Haugland of The Associated Press states: "We offered Weller a ride back to Tokyo with us,...." Weller describes a feeling of "hopelessness" about his dispatches because the Kempeitai to whom he claims to have entrusted the stories had "returned to Nagasaki, but they had no message for me." Weller, although working as a reporter for a daily publication, chose to refuse an offered opportunity either to timely send his Nagasaki dispatches uncensored from the aircraft or alternatively to confront the Occupation censorship directly by filing in Tokyo, despite writing: "I wanted to be prepared to defend every line. If the stories were blocked as reprisal against me, I intended to take the case to MacArthur himself."

Weller traveled to Nagasaki from Kanoya airbase with Sergeant Gilbert Harrison. Harrison's career later included: Chairman of the American Veterans Committee; Editor and Publisher of the The New Republic magazine; author of several books. In Harrison's memoir he describes carrying George Weller's Nagasaki reporting from an airstrip outside Nagasaki to the Chicago Daily News in Tokyo:

'You'll be the errand boy,' he informed me. The plane we'd met was going on to Tokyo.... ...I picked up my belongings and Weller's copy. He wrote down the name and address of his Daily News associate in Tokyo...and the near-empty plane took off. A bus awaited us at Atsugi airport outside Tokyo and the plane crew and I were driven to the American-occupied Dai-Ichi Hotel....That night I slept between sheets and the following morning delivered Weller's story to the Daily News. As payment, a rowdy evening's entertainment was provided at an establishment catering to thirsty American officers and featuring compliant Japanese girls who were not of the Geisha class.

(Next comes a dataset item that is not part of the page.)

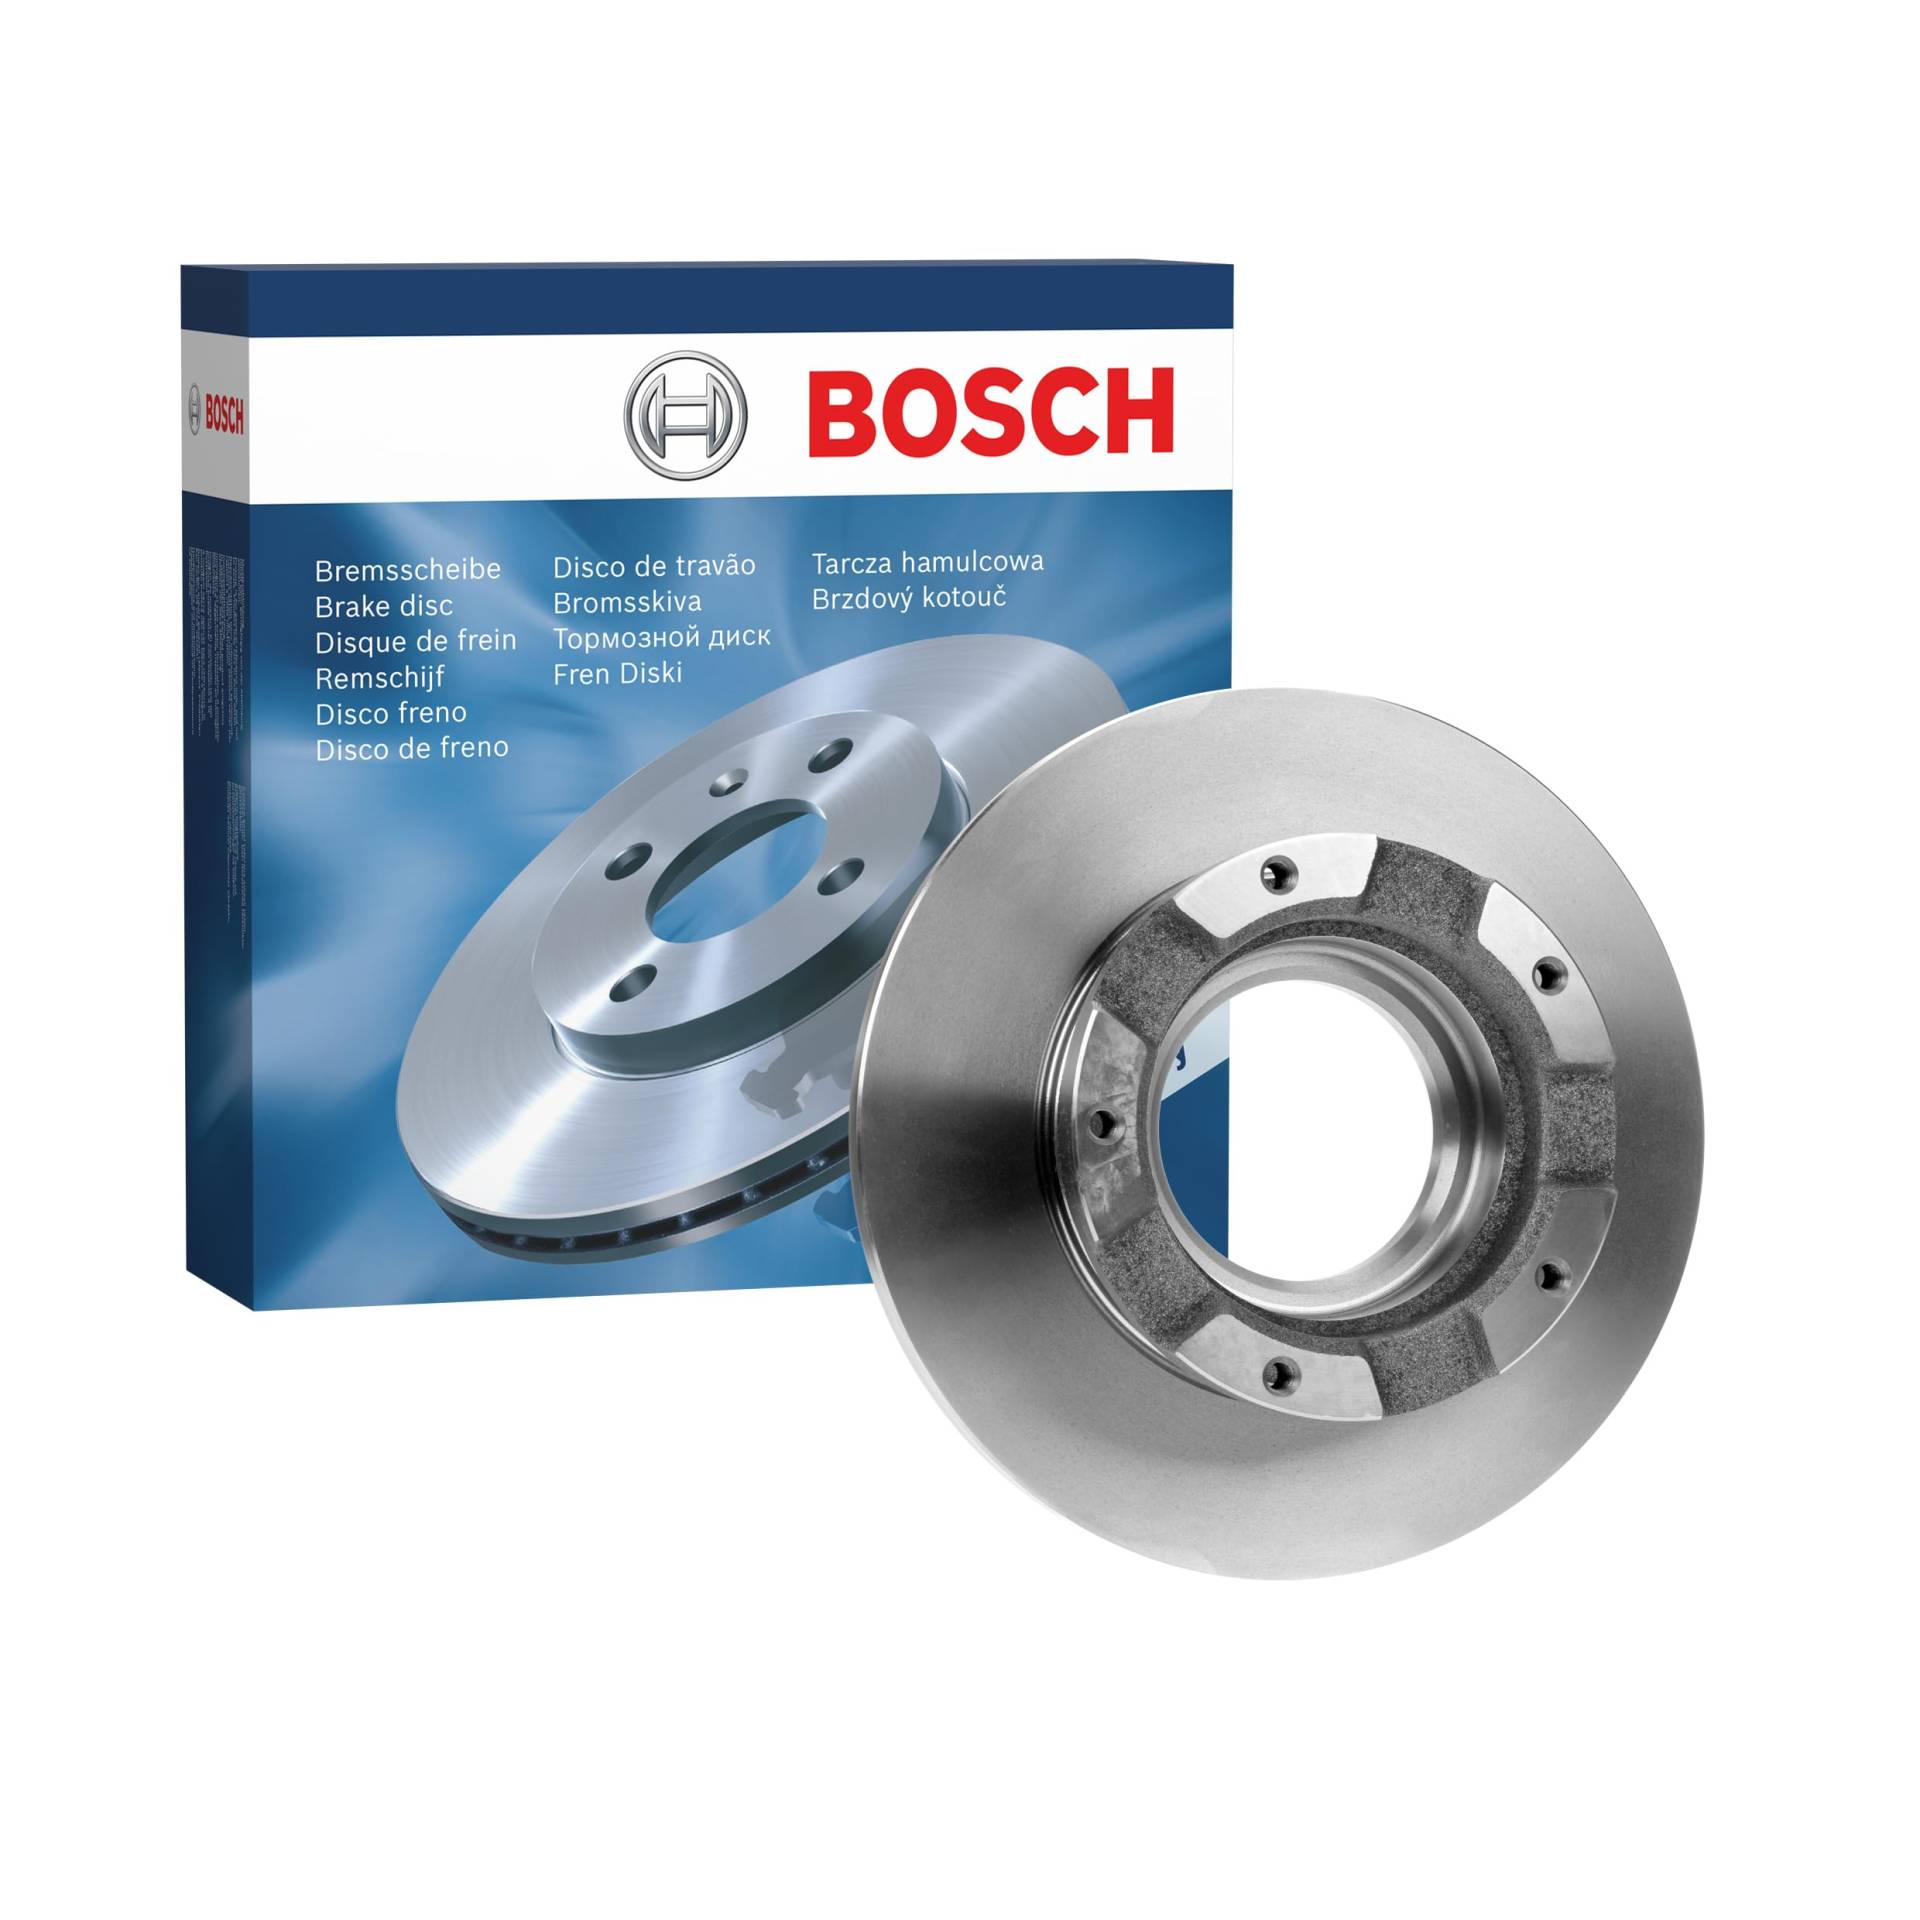 Bosch BD2122 Bremsscheiben - Hinterachse - ECE-R90 Zertifizierung - eine Bremsscheibe von Bosch Automotive

A Boston Globe article by Gerald R. Thorp of the Chicago Daily News "TOKYO, Sept. 10(CDN) 'New Brand of Jap to Him!'" indicates that Harrison was by September 10, 1945 accompanying correspondents in Tokyo.

The first dispatch presented in First into Nagasaki (see page 25 and photos on cover and back inside endpaper) is datelined Nagasaki September 6 and reads: ..."After a 24-hour trip on what seemed like dozens of trains, the writer arrived here this afternoon as the first visitor from the outside Allied world." On September 6 the Chicago Daily News printed a dispatch under Weller's byline datelined Kanoya, which begins:

The veteran 25th portable hospital, numbering many Chicagoans and downstate Illinoisans, jumped from ships today to become the first American hospital in southern Japan. Every doctor but one is a Rush Medical College graduate. Commanded by tall Maj. Frederic de Peyster] of 445 Cedar St. Winnetka, they include Capt. Hugo Baum, 55 E. Washington st., Chicago, and Capt. Edward Murphy, Dixon, Ill., who comprise a special surgical team, and Capt. Roy Swanson, Leadville, Colo.

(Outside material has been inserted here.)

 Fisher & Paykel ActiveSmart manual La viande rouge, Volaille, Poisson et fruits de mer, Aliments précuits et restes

The remainder of Weller's dispatch consists of a series of direct quotations from men of this medical corps with names, addresses, and photographs (these last are not from in Japan but are formal military portraits). Samples:

'Tell the boys on the Chicago Daily News fifth floor that the heat here is terrific,' said Corp. Carl Johnson, 4729 N. Avers av., Chicago Daily News composing room employee on leave in service....Corp. Walter Newman, Beloit, Wis., drove past with a box marked 'human blood' and said, 'I've seen it--let's go home.'

After the September 6 dispatch from Kanoya, Weller's next dispatch was printed on September 12 with an "Ōmuta, Kyushu" dateline (Omuta was a prisoner of war camp approximately 100 miles by railroad from Nagasaki and twice that from Kanoya. Headlined "New Saga of Boldness For Wermuth as Captive" it is an account of the famous "One-Man-Army" Captain Arthur W. Wermuth continuing his leadership as a POW on a Hellship carrying prisoners to Japan.